Sir, thanks for your tutorial. Would you like to make tutorial on cell sperm detection through Deep Neural Network Model and training this on any own data. If you have on this so please share the link. Thanks

ADF Statistic: 0.341605

p-value: 0.979175

Critical Values:

5%: -2.864

1%: -3.437

10%: -2.568

The p-value and the test statistic here suggest that we reject H0 (Unit-room, non-stationary) and accept the alternative (Stationary). I am a bit confused as you have stated the opposite.

Are you sure?

I say that the series is not stationary (e.g. reject H0):

Hi jason , this is the output of analyzing my time-series using your approach ,

ADF Statistic: -21.866782

p-value: 0.000000

Critical Values:

1%: -3.430

5%: -2.862

10%: -2.567

Is my time series a random walk ?

The test only comments on whether your data is stationary.

Your data does look stationary from that result.

Can I conclude that my time series is not a random walk?

If you can do better than persistence with a predictive model.

Hello Jason,

Thank you for your awesome tutorials, they really help a lot.

I wanted to ask you whether there’s a way to remove random walks from our data (I know that data is either a random walk or not, but maybe make it less random etc.) or any likely sort of thing?

Thanks in advance.

Not as far as I know.

Hi Jason. Thanks for the useful post.

Now I know how to produce a Random Walk series but I’d like to know if I have a time series which follows random walk model, how to forecast its future amounts.

Thanks in advance.

Perhaps check the ACF/PACF plots and confirm that there are is no correlation.

Also try modeling and confirm no model can out-perform persistence.

Hi Jason,

How many data points are good enough for random walk and do statistical test on them. For example if I work on some time series involving patients where each patient has around 8 timesteps then do I need to see random walk for each patient or how can I combine them as each may have different trend.

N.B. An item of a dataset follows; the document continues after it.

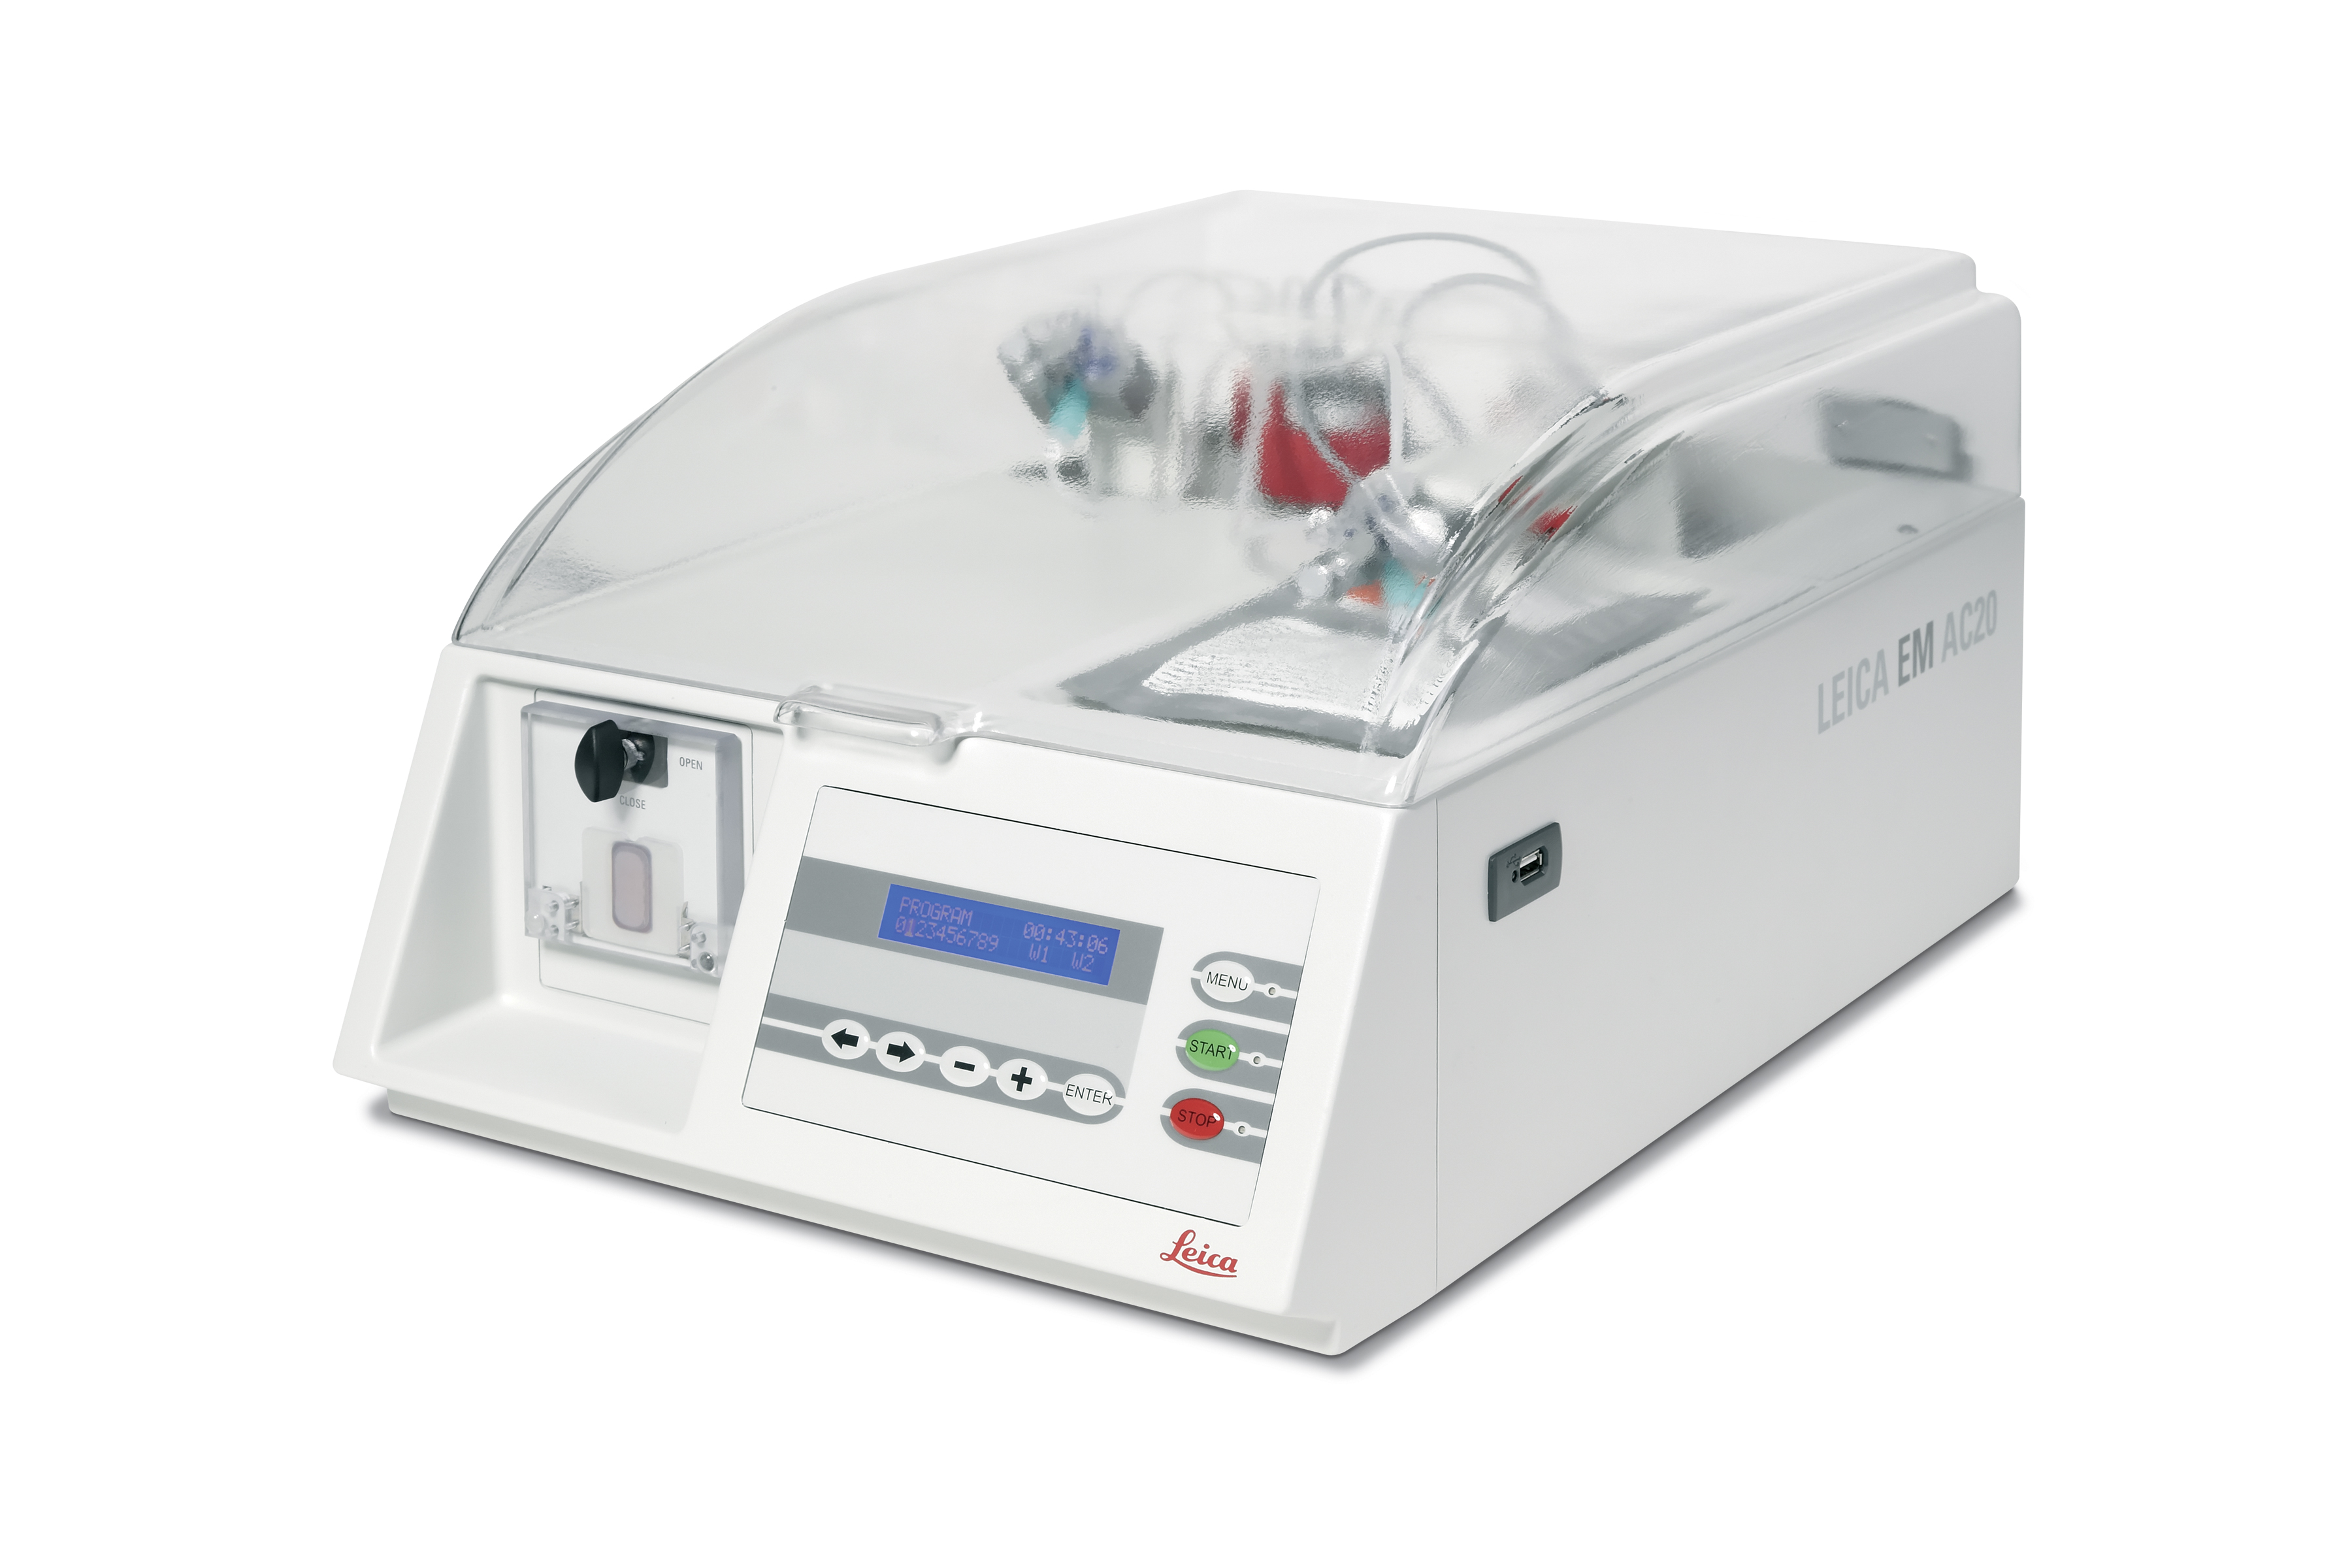 The Leica EM AC20 automatic contrasting instrument for ultrathin sections

Good question, not sure. More than 8, maybe 30+

When we are looking at different patients is it same like forecasting for multiple sites. In a link

https://machinelearningmastery.com/faq/single-faq/how-to-develop-forecast-models-for-multiple-sites/

you’ve some suggestions there.

Do you have any posts or example explaining for this prediction for multiple sites e.g. how to make group or hybrid approach etc.

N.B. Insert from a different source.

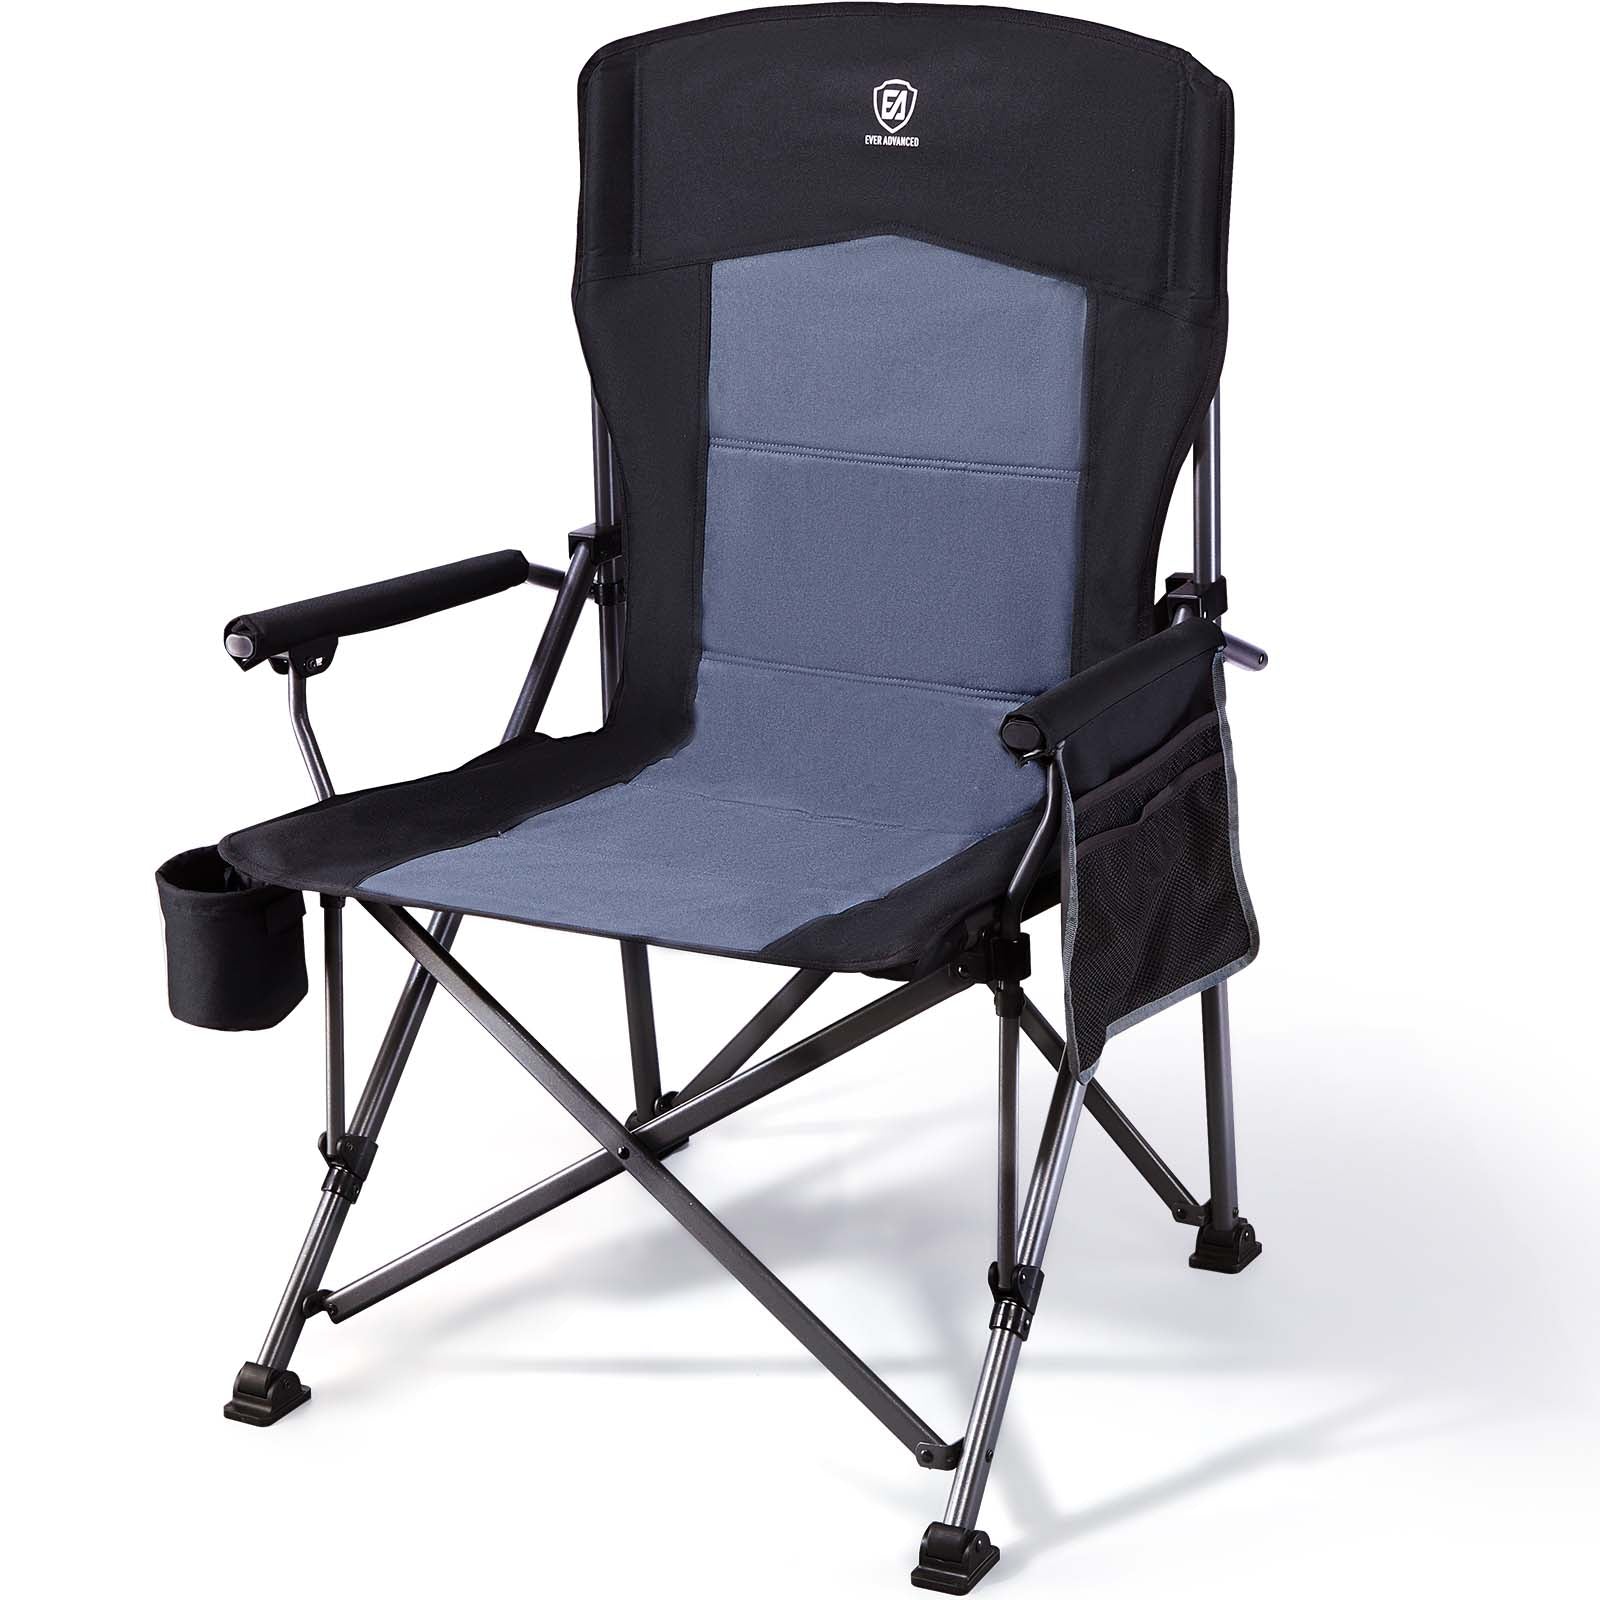 Oversized Camping Chair

No sorry, it would be specific to your dataset, I would expect.

The random walk data goes negative. How would you suggest this be managed? Not many stock prices actually go negative. Many other data won’t go negative.

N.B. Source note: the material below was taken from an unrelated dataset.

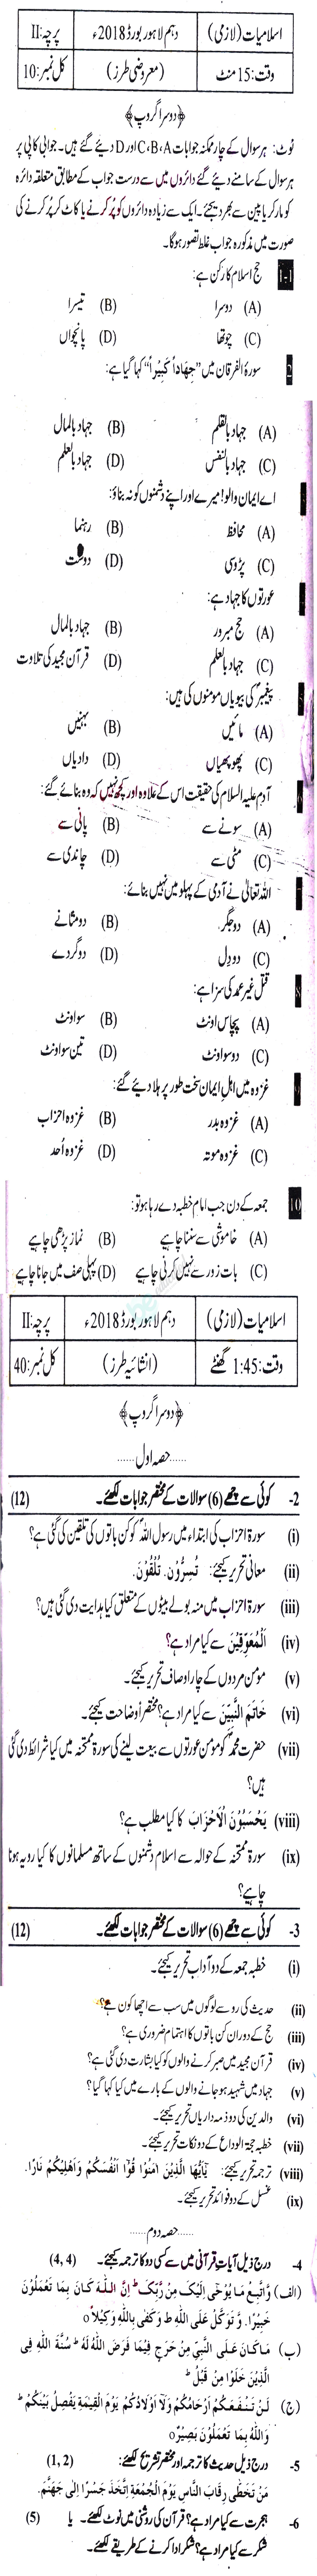 Islamiat (Compulsory) 10th class Past Paper Group 2 BISE Lahore 2018

It is not a model of stock prices specifically, it is a simulated example of a random walk.

The short term movement in stock prices is a different example of a random walk.

Hi Jason,

I have over 100+ features and 1 output variable (classification) problem that I am trying to address using LSTM. Even though my features are time series the classification decision is done using a different set of parameters.

Do we need to validate random walk when we have multiple input features and 3 possible output classes? If yes, do you have a tutorial for the same as this one deals with regression

Thanks in advance for your help

I forgot to mention it’s a time series classification problem

If you have output classes, it sounds like a time series classification problem.

Perhaps start here instead:

https://machinelearningmastery.com/start-here/#deep_learning_time_series

#Random Walk

Hi Jason, I am going through your book but I am having trouble replacing your TimeSeries sample data with mine in your code. How can replace your sample code without breaking it. Suppose my TimeSeries data source is called ‘series.

Thanks

-Gonzalo

What problem are you having exactly?